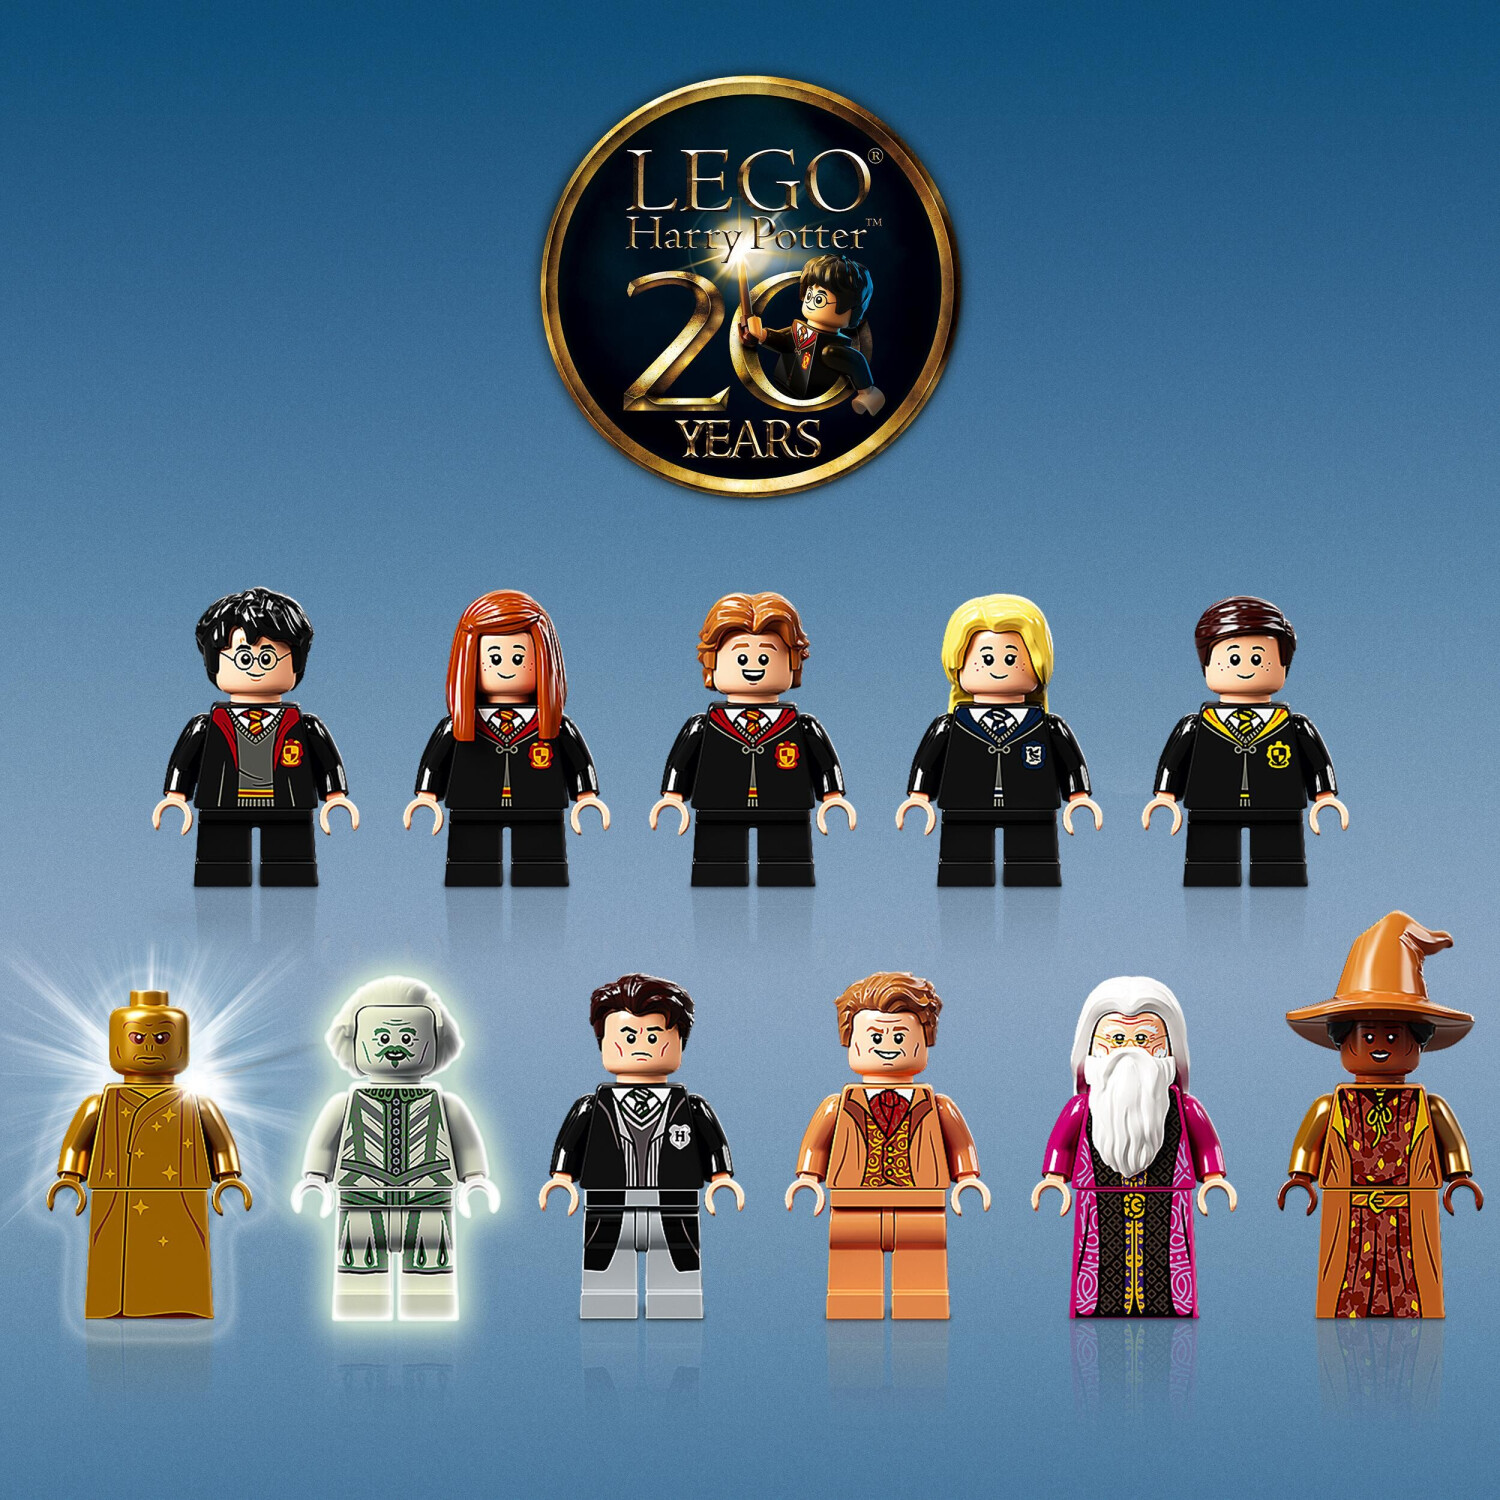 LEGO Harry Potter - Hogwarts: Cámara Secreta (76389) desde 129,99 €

--

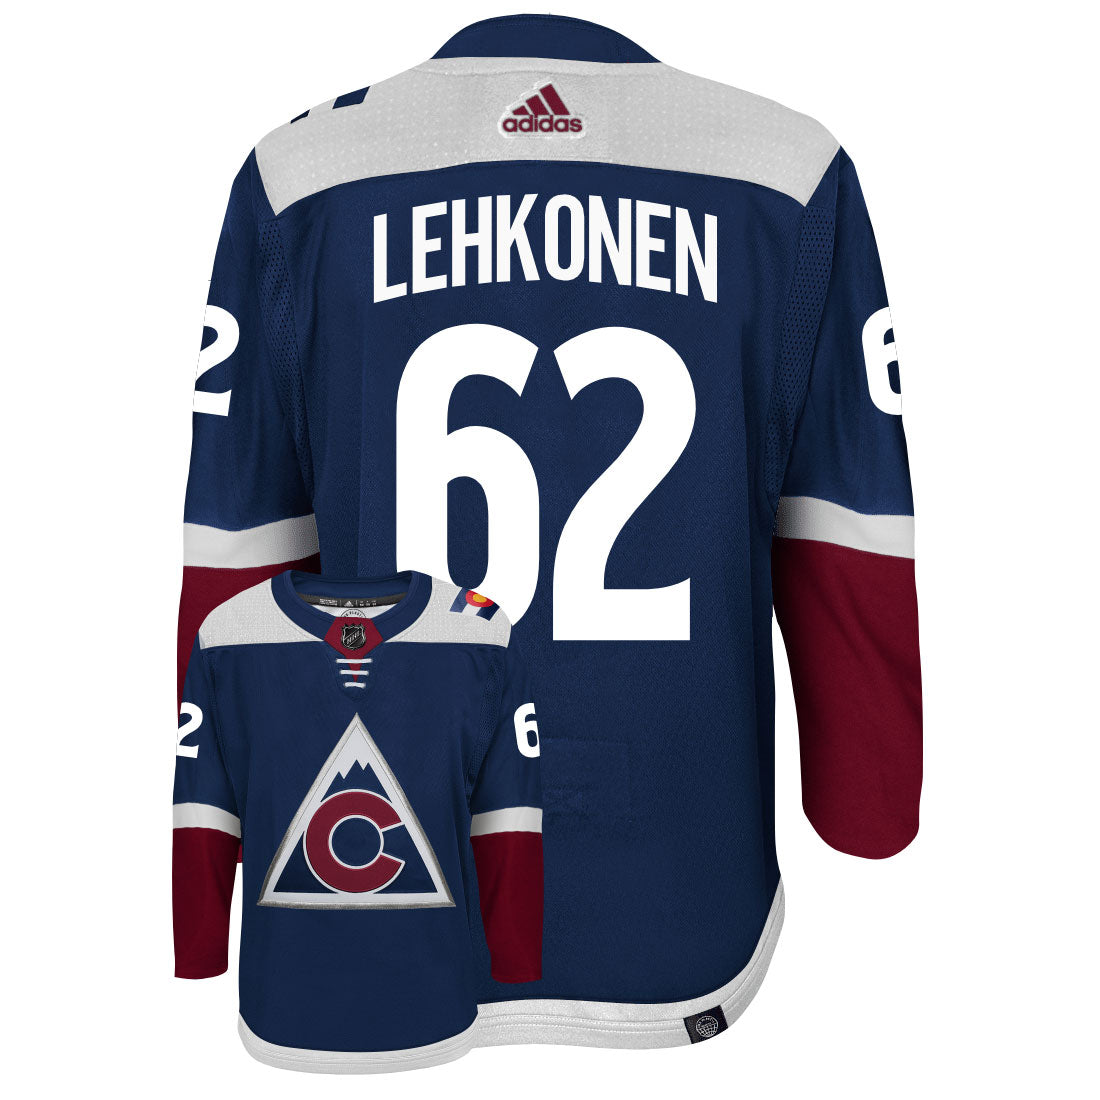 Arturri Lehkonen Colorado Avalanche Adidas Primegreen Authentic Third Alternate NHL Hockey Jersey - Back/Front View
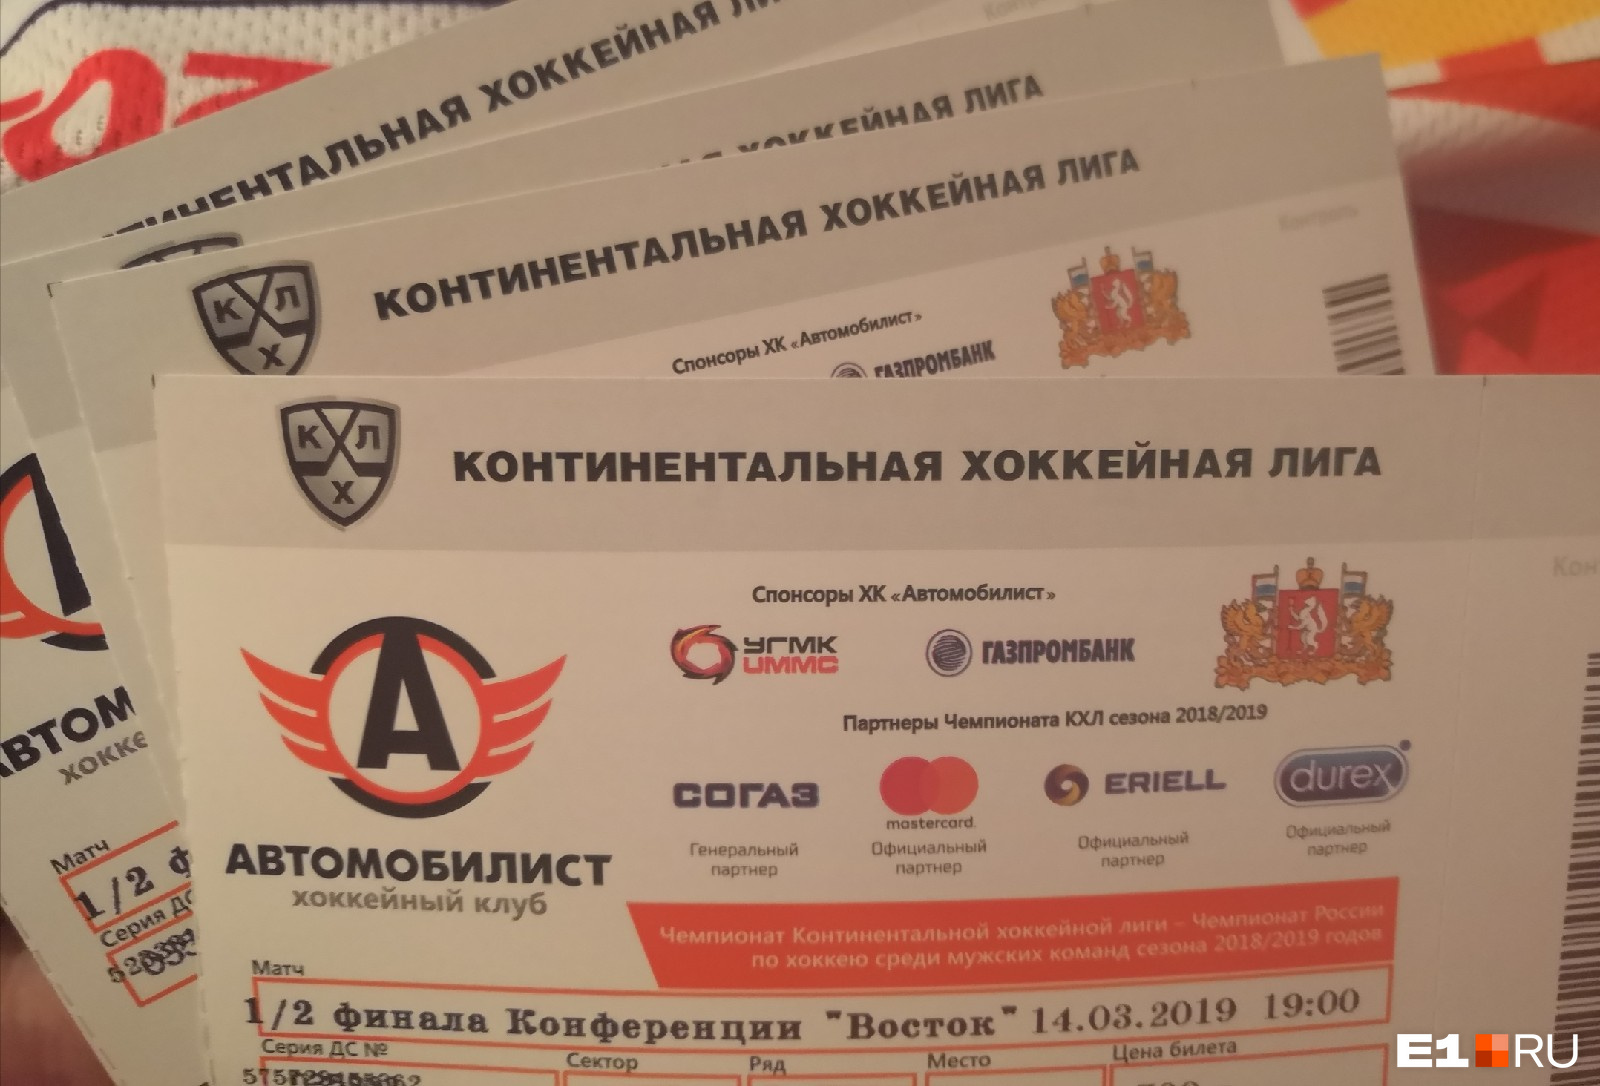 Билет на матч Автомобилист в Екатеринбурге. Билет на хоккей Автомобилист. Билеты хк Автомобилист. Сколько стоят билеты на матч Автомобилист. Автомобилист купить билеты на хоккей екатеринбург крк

---

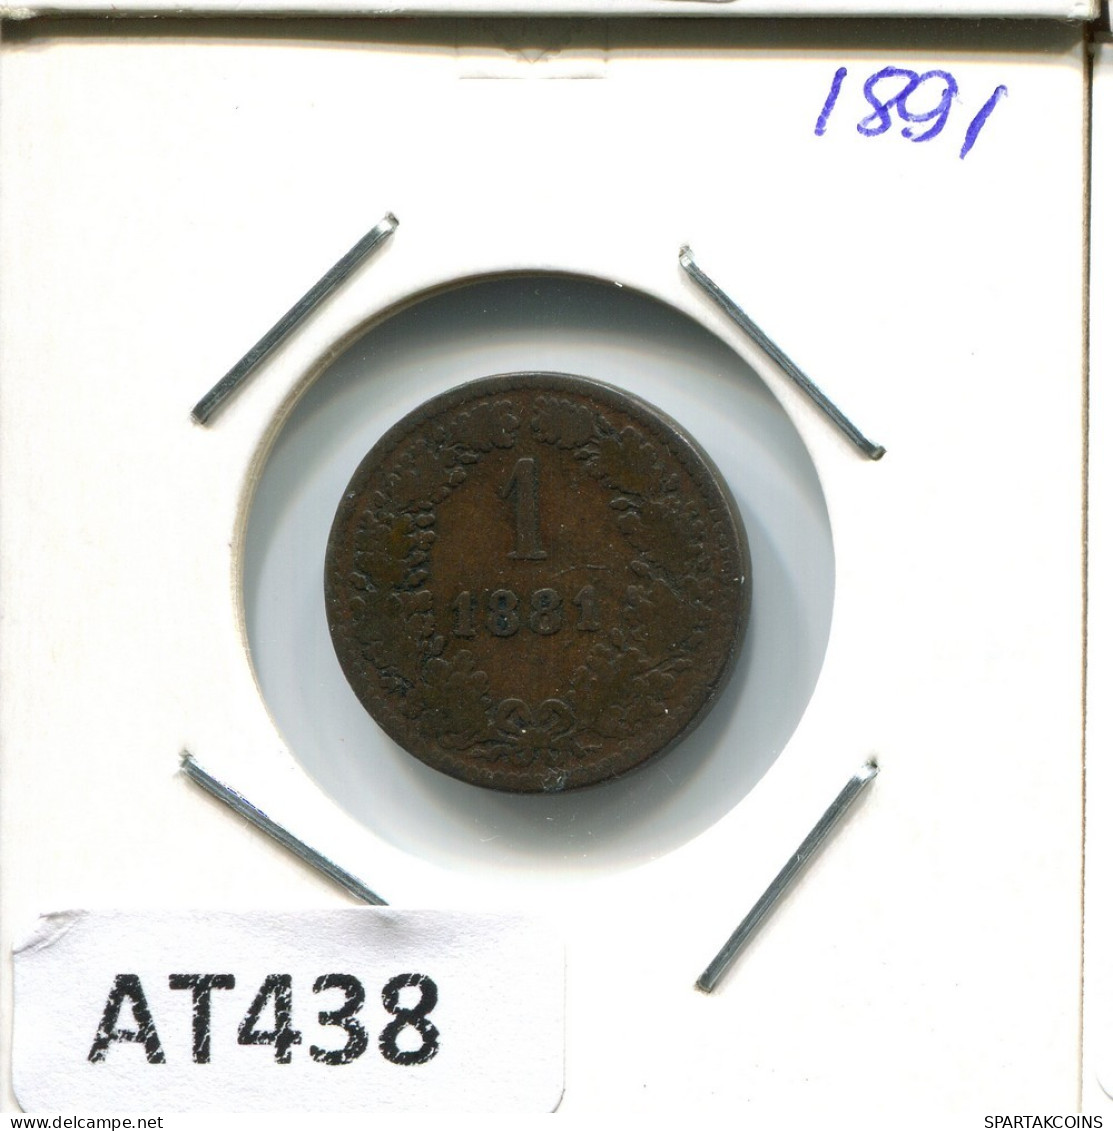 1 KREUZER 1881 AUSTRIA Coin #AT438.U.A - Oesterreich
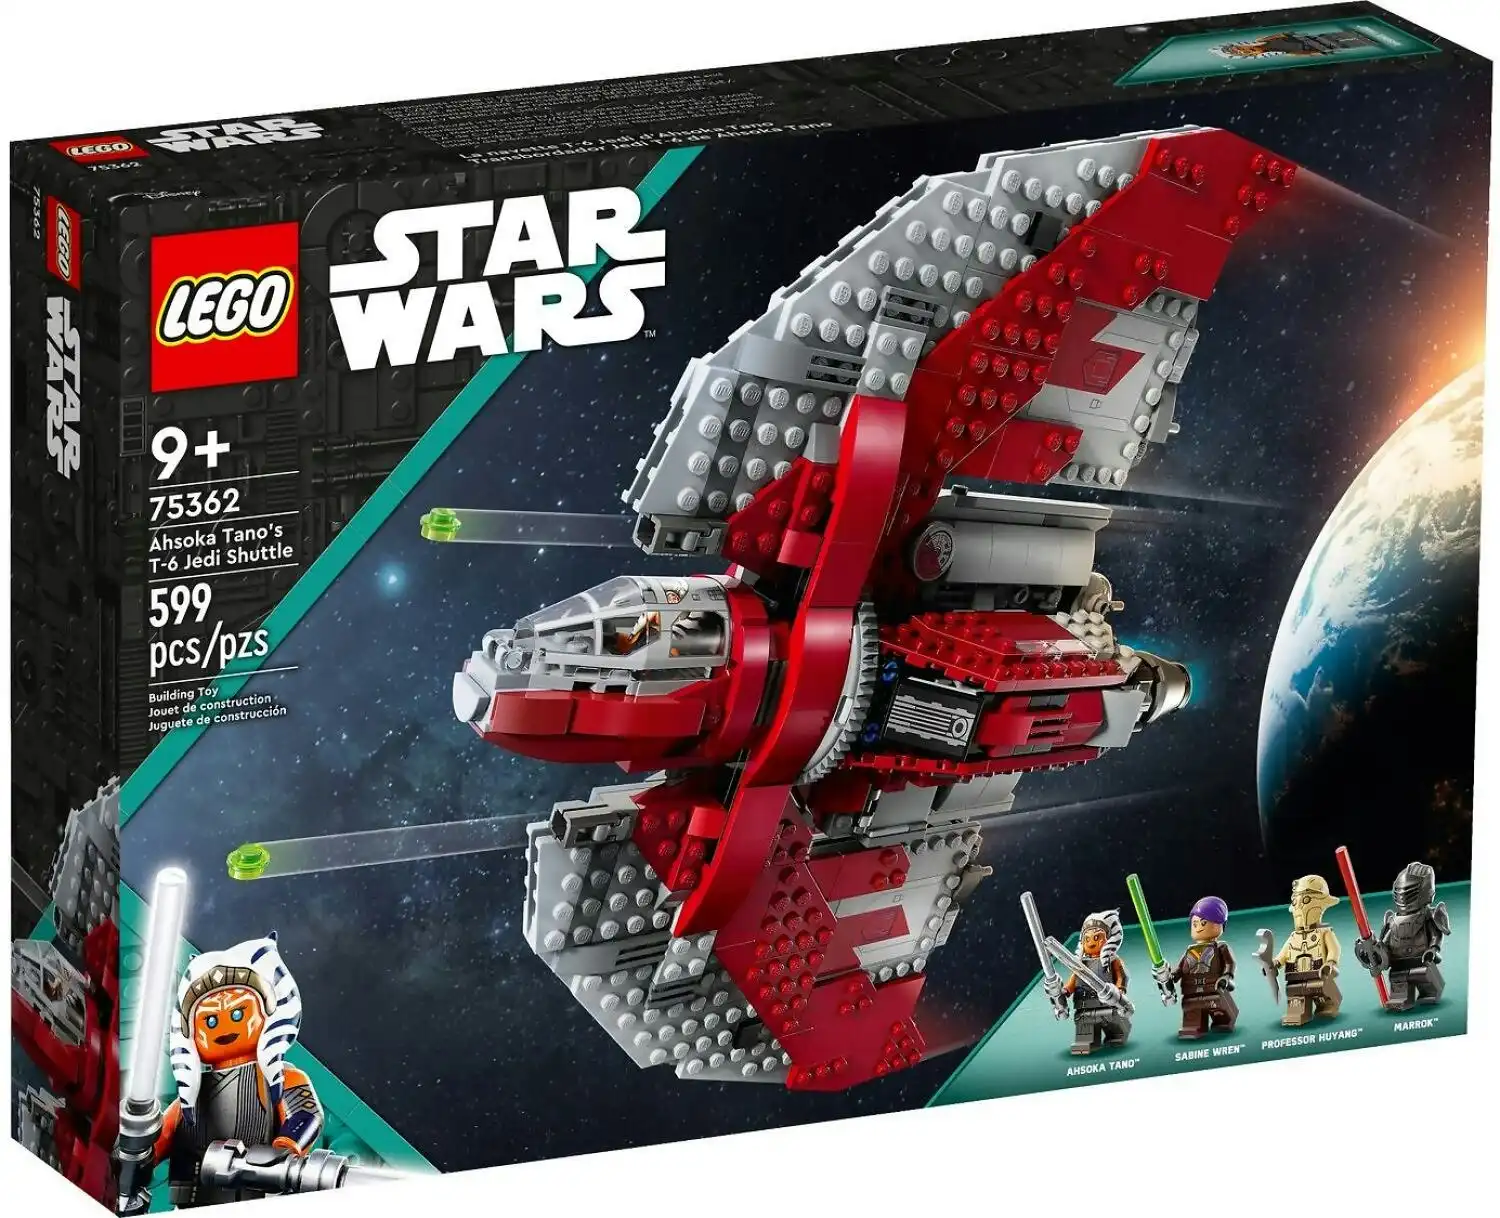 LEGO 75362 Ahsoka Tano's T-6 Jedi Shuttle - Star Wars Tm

» What you need to do
A verbatim reproduction is expected: starting at the line above that has "1 KREUZER 1881", ending at the line that has "LEGO 75362 Ahsoka", both included, and with no pictures and no other lines.

» Output for this exercise
 1 KREUZER 1881 AUSTRIA Coin #AT438.U.A - Oesterreich
 LEGO 75362 Ahsoka Tano's T-6 Jedi Shuttle - Star Wars Tm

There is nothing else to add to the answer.